Les autorités françaises ont-elles été conscientes du démarrage du génocide dès son commencement, comme le laisse penser l’ordre d’opération d’Amaryllis (opération d’évacuation des Français et des Européens), daté du 8 avril 1994, qui indique que se déroule à Kigali depuis la veille « l’élimination des opposants et des Tutsi » ? Pourquoi dans ce cas n’ont-elles pas enjoint à nos soldats de secourir les victimes au lieu de donner l’ordre de ne pas montrer aux médias « des soldats français n’intervenant pas pour faire cesser des massacres dont ils étaient les témoins proches » ? Pourquoi la France, membre permanent du Conseil de sécurité de l’ONU, a-t-elle, comme les autres, voté, le 21 avril 1994, la réduction drastique du contingent de Casques bleus, abandonnant les Rwandais tutsi à leur sort tragique ? Pourquoi les plus hautes autorités françaises ont-elles reçu à Paris, le 27 avril 1994, deux des pires extrémistes hutu, responsables du génocide en cours, accueillis à l’Élysée par Bruno Delaye, conseiller Afrique de François Mitterrand, à Matignon par Edouard Balladur et au Quai d’Orsay par Alain Juppé ? Pourquoi un conseiller du chef d’État-major des Forces armées rwandaises, qui encadraient le génocide, a-t-il rencontré à Paris, du 9 au 13 mai 1994, le général Jean-Pierre Huchon, chef de la Mission militaire de coopération ? Pourquoi ce même général Huchon a-t-il reçu régulièrement, pendant toute la durée du génocide, le directeur du service financier du ministère rwandais de la Défense, qui a organisé six livraisons d’armes aux tueurs entre le 18 avril et le 19 juillet 1994 ? Pourquoi le président rwandais par intérim s’est-il cru autorisé, le 22 mai 1994, d’adresser une lettre à François Mitterrand en lui demandant son soutien face au FPR et en espérant que le président français fasse preuve de son « habituelle compréhension » ?

A cette date, au moins un demi-million de Tutsi avaient été massacrés au Rwanda… Pourquoi le président Mitterrand a-t-il attendu la mi-juin 1994 pour trouver urgent d’intervenir au Rwanda afin de mettre fin aux massacres, alors qu’il n’en était pas question en avril ?

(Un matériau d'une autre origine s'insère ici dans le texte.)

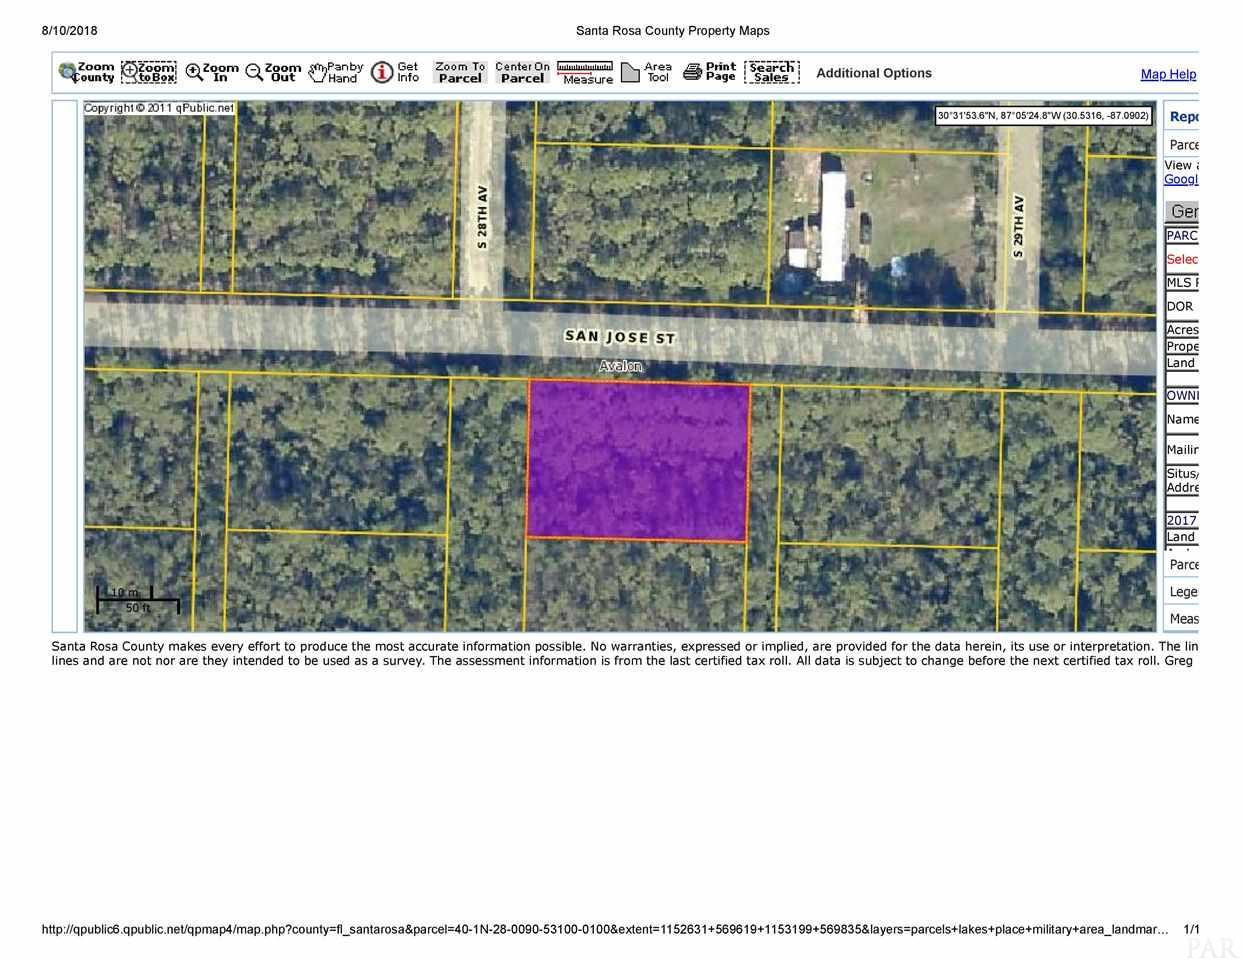 Lot 23 Blk 237 S 28th Ave, Milton, FL 32583

Pourquoi les troupes de l’opération Turquoise n’ont-elles procédé à aucune arrestation de responsables du génocide, alors que ceux-ci, défaits militairement par le FPR, avaient trouvé refuge dans la zone sous contrôle français ? L’ambassadeur Yannick Gérard avait pourtant envoyé un télégramme à Paris le 15 juillet 1994 indiquant : « […] Dans la mesure où nous savons que les autorités portent une lourde responsabilité dans le génocide, nous n’avons pas d’autre choix, quelles que soient les difficultés, que de les arrêter ou de les mettre immédiatement en résidence surveillée en attendant que les instances judiciaires internationales compétentes se prononcent sur leur cas. » Pourquoi, au contraire, les responsables et les auteurs du génocide (troupes rwandaises, miliciens…) ont-ils pu se réfugier au Zaïre impunément, avec armes et bagages ? Pourquoi est-il écrit noir sur blanc dans le numéro d’octobre 1994 de la revue de la Légion étrangère, Képi blanc, que « l’état-major tactique [de Turquoise] provoque et organise l’évacuation du gouvernement rwandais vers le Zaïre ? »

Après le génocide

Pourquoi les autorités françaises ontelles maintenu leur alliance avec les génocidaires en leur fournissant de la nourriture et des armes de l’été 1994 au printemps 1995 ? Pourquoi le gouvernement français a-t-il refusé, à l’été 1995, d’arrêter, à la demande du gouvernement belge, le colonel Bagosora, cerveau du génocide, qui faisait, comme d’autres génocidaires de premier plan, de fréquentes visites en France ?

C’est à toutes ces questions que M. Védrine pourra répondre lors d’un prochain entretien. Je souhaite, pour la tranquillité d’esprit de M. Sieffert, que ses explications semblent encore aussi convaincantes.